Abstract Iron phthalocyanine‐based polymers (PFePc) are attractive noble‐metal‐free candidates for catalyzing oxygen reduction reaction (ORR). However, the low site‐exposure degree and poor electrical conductivity of bulk PFePc restricted their practical applications. Herein, laminar PFePc nanosheets covalently and longitudinally linked to graphene (3D‐G‐PFePc) was prepared. Such structural engineering qualifies 3D‐G‐PFePc with high site utilization and rapid mass transfer.

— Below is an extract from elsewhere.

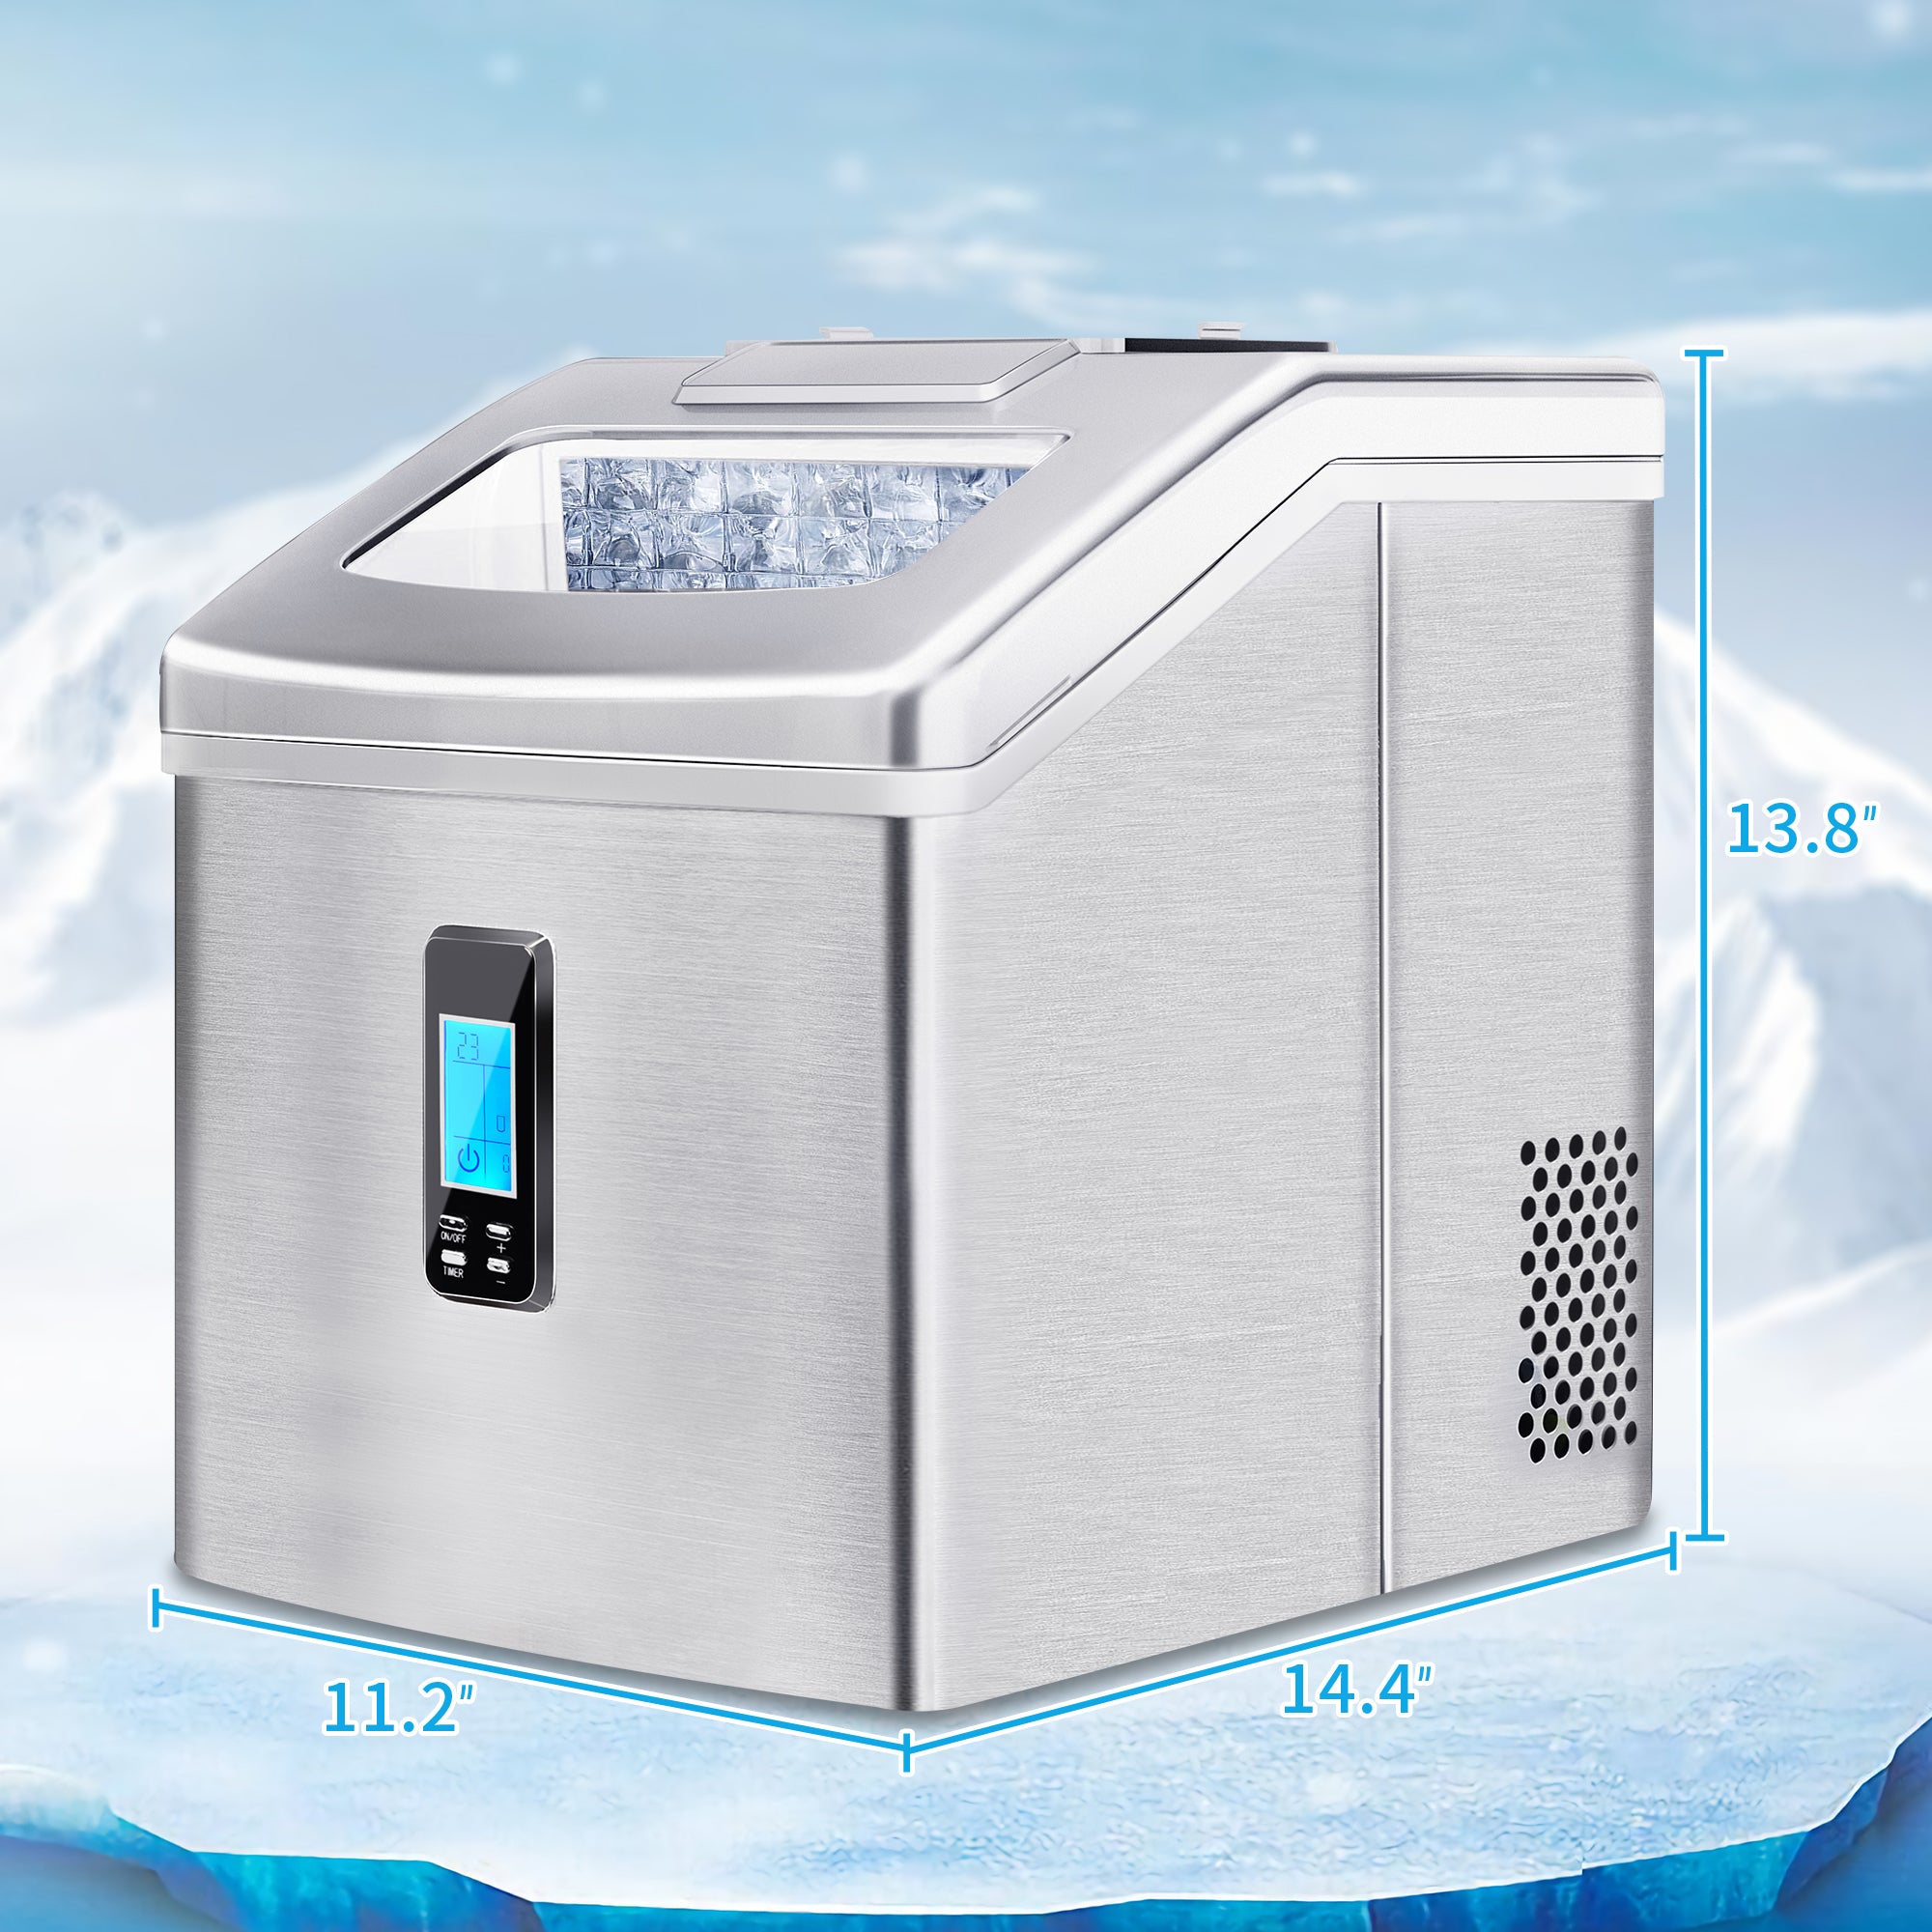 Portable Countertop Ice Maker Machine, Silver

Thence, 3D‐G‐PFePc demonstrates efficient ORR performance with a high specific activity of 69.31 μA cm −2 , a high mass activity of 81.88 A g −1 , and a high turnover frequency of 0.93 e s −1 site −1 at 0.90 V vs. reversible hydrogen electrode in O 2 ‐saturated 0.1 M KOH, outperforming the lamellar PFePc wrapped graphene counterpart. Systematic electrochemical analyses integrating variable‐frequency square wave voltammetry and in situ scanning electrochemical microscopy further underline the rapid kinetics of 3D‐G‐PFePc towards ORR.